Is it to come alive, then? Cormac wondered, and his nape-hairs stirred. His swift-swerving eyes checked the positions of other men, lest he must fight; his was not an unsuspicious mind, ever.
Flames obscured the chain. Heat struck the reivers’ eyeballs as they peered closer. Sight blurred in the smoke. They narrowed their lids.
“Cormac,” Wulfhere muttered only half aloud, “an the thing be not changing, Fenris eat me!”
“Aye,” and the Gael did not ask, changing how? He’d sight as keen as Wulfhere’s, and he seldom put questions with small likelihood of useful answers. He watched. They all watched.
At last the chain went still. Veremund the king gave orders. With a long-handled iron hook, his serving men fished it from the trench-fire. The hook was for hot cauldrons; the chain was hot, and they stretched it hearthside a second time so that it lay cooling.
“Captain Wulfhere: will you tell me its length now?” the king invited, smiling.
Wulfhere Skull-splitter looked at him, wondering if he were being made sport of. A pointless sort of joke… but he trod the measure again-and stopped in bewilderment ere he reached the chain’s end.
“Twelve!” he announced, and paced on. “And… five more! Cormac! ‘Tis nigh half as long again as it was!”
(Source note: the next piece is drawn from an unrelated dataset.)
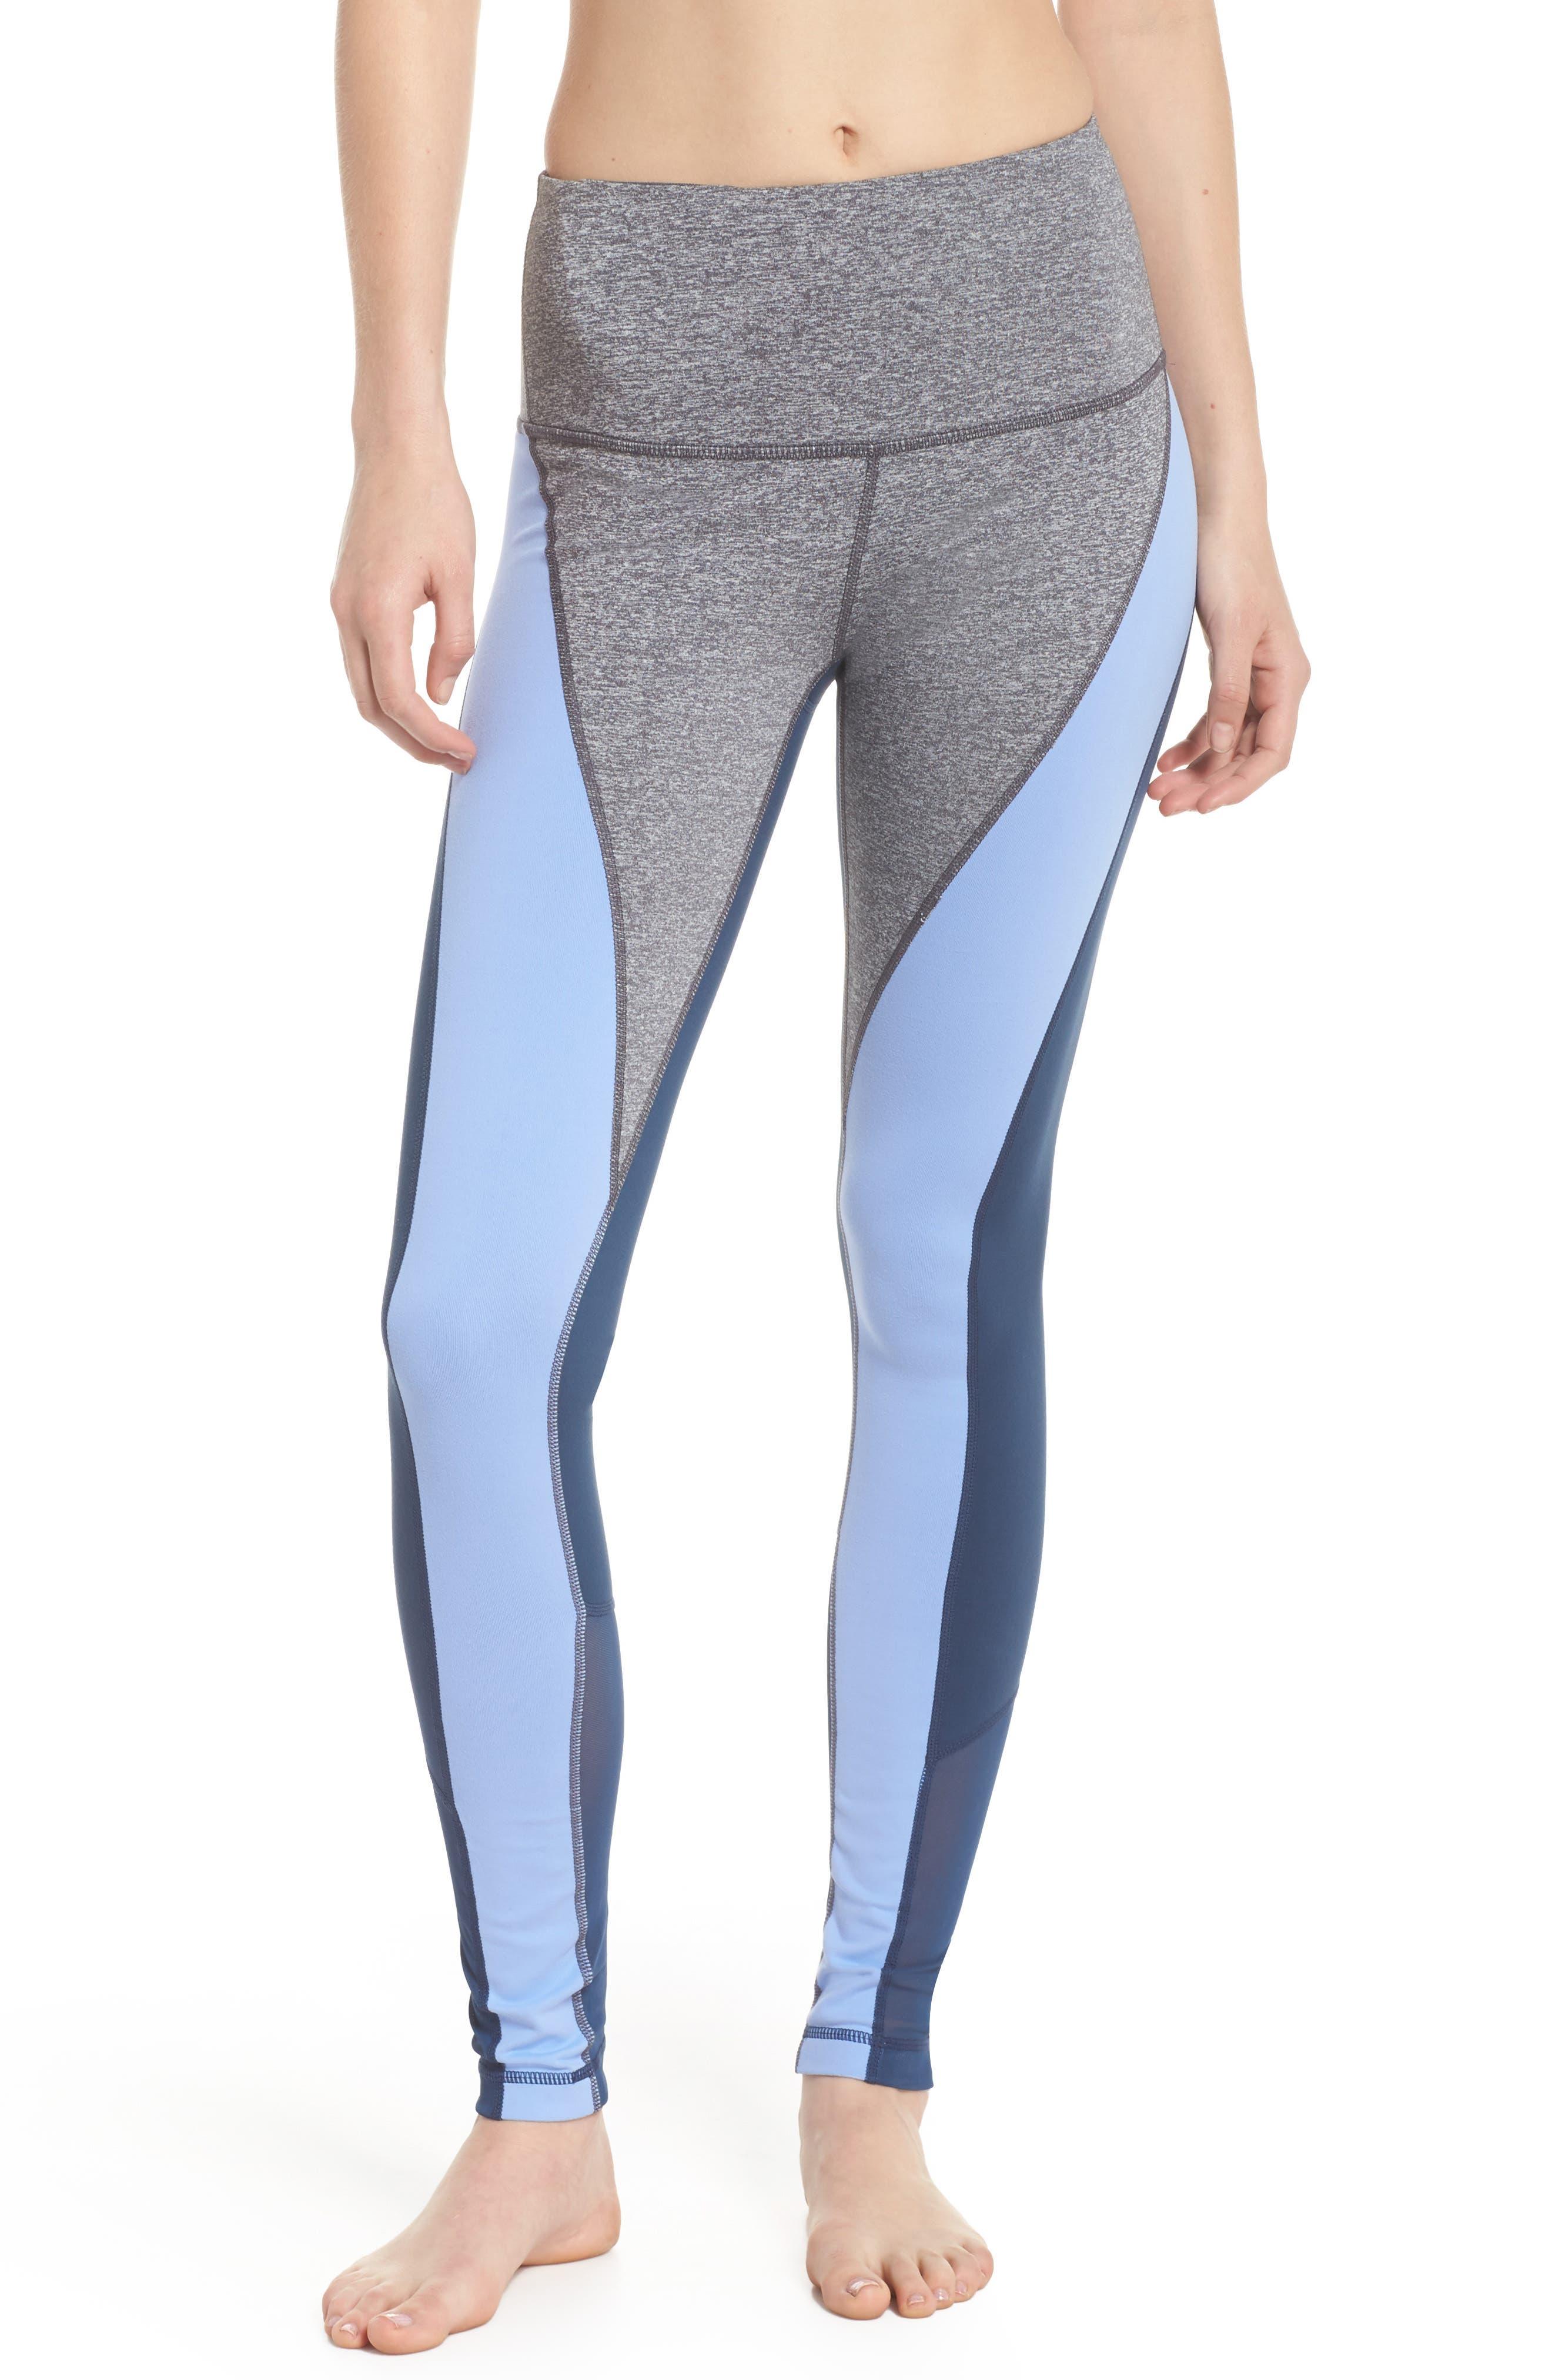 Get in Line High Waist Leggings,                             Main thumbnail 1, color,                             Grey Graphite Melange

“Right you are, Captain,” Veremund smiled. “Such is its property: the chain grows in fire. The longer since it was last so heated, the more it grows-whereby you will see there are limits to the wealth it can provide. A too-greedy man might even exhaust its powers.”
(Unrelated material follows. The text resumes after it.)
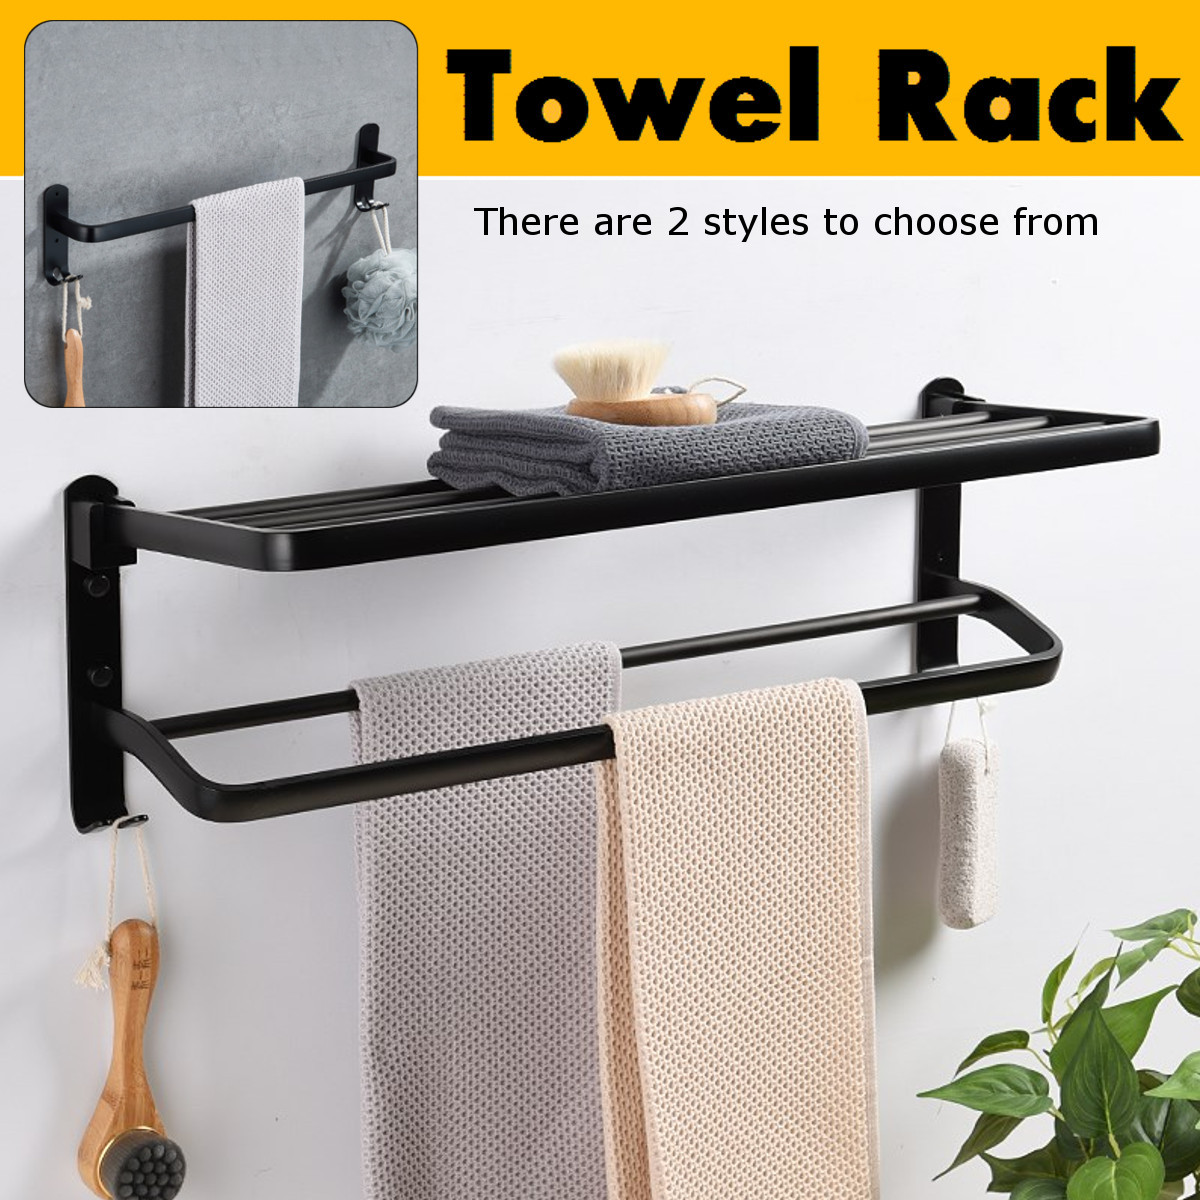 60cm Black Alumimum Foldable Towel Rack Holder Towel Shelf Wall Mounted Bathroom Towel Rack Storage Hanger Shelf

“Like that yarn of the goose that laid golden eggs.”
“Aye. One must be sparing, and cunning smiths and armourers such as I must have do not labour cheaply. Another reason why this curse on my harbour-tower is so dire. I have been seeking to increase Galicia’s seatrade, which has been worse than poor these last thirty years-and by Ertha!” The pagan oath slipped out unregarded. “Such as this business in the tower could ruin all!” Veremund grimaced, made his little throaty snuffing noise, and grew calm. “However, Motsognir’s Chain is still a bauble worth the having. And settles, methinks, any doubt as to whether I can properly gift those who do me service.”
“My lord King understates,” Cormac said. “And impresses us much, as I daresay we show. Yet were it wise to show such treasure to outland pirates?”
He’s spoken the very thought the king had warned Irnic and Zarabdas not to utter, and he knew it. Yet this ought to be said thus plainly at the outset, and answered in the same way.
The king spoke. “Zarabdas.”
The mage’s hand rose to the winged solar disk that hung pendent on his chest. The while he stared at Cormac mac Art, who met that gaze. Numbness and darkening entered into his mind. He felt a sense of heaviness; a great weight seemed to grow in him, as if Motsognir’s chain had been looped about him invisibly, and that without pressing more on one part of his body than another. Like the chain, the sensation grew, a steady, increasing drag throughout his entire organism. Cormac’s very bowels sagged in his belly. His bones went leaden. The blood ceased to flow in his hands, pooling heavily in hands he could scarce lift. His heart laboured. The thought came, and with it horror: Any tyro sworder could take me now! He sweated. He struggled to move. His very bones seemed to have gone heavier and were dragging at his muscles, down, heavy, heavier… The inexorable weight rooted him to the floor and grew still stronger. The Gael gan tremble with the stark effort of merely standing upright.
“Cormac!” Wulfhere stormed. “What’s wrong, man?” He rounded on Zarabdas. “Ye scrawny wizard! Whate’er it is ye’re at, stop it now-else I’ll see your head this chain’s length apart from your body!”